*WHAT TO WORK ON:*
Locate each line in the records containing "émail". Copy it.

☆ ☆ ☆ ☆ ☆ ☆ ☆

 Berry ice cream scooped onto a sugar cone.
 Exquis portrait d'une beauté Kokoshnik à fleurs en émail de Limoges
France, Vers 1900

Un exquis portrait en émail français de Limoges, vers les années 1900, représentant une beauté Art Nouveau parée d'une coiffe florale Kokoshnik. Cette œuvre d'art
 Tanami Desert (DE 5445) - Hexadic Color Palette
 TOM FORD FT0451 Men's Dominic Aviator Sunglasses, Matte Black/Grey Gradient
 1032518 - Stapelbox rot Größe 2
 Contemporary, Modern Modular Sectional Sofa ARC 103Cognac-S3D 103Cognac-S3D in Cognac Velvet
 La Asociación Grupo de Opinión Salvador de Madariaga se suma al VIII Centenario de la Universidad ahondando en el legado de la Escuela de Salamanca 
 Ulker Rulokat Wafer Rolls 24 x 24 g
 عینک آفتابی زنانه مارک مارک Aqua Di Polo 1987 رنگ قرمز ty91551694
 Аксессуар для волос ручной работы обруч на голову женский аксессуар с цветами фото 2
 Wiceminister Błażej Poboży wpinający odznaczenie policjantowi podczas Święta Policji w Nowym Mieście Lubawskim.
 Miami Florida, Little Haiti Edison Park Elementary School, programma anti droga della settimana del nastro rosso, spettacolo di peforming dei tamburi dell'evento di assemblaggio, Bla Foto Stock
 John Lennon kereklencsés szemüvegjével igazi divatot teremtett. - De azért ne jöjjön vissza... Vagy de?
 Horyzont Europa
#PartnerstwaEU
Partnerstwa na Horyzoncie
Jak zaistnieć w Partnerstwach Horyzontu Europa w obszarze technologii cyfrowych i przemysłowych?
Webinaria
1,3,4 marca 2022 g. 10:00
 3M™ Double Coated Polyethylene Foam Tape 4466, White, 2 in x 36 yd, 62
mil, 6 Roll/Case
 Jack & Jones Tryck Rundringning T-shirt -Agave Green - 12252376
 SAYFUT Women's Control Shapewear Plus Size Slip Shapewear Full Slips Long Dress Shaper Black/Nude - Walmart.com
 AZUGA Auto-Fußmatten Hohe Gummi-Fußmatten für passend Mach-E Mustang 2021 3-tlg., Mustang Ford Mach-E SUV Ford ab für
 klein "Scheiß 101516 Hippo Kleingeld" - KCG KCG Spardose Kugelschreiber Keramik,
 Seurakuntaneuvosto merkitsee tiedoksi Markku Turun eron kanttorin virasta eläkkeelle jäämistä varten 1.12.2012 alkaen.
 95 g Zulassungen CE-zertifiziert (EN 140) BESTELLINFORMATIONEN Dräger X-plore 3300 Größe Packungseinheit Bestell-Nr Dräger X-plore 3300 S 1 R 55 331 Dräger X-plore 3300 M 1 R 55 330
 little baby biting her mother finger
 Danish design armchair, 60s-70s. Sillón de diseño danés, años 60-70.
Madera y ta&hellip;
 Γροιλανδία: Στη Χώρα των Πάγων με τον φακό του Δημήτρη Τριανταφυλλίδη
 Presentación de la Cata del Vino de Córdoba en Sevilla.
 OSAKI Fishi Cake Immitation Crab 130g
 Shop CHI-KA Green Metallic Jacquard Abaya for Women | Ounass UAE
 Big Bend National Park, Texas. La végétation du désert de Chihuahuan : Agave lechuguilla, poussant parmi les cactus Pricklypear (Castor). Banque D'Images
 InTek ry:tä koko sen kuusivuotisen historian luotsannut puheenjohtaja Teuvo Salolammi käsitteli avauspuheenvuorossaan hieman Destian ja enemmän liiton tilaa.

☆ ☆ ☆ ☆ ☆ ☆ ☆

*EXERCISE SOLUTION:*
 Exquis portrait d'une beauté Kokoshnik à fleurs en émail de Limoges
Un exquis portrait en émail français de Limoges, vers les années 1900, représentant une beauté Art Nouveau parée d'une coiffe florale Kokoshnik. Cette œuvre d'art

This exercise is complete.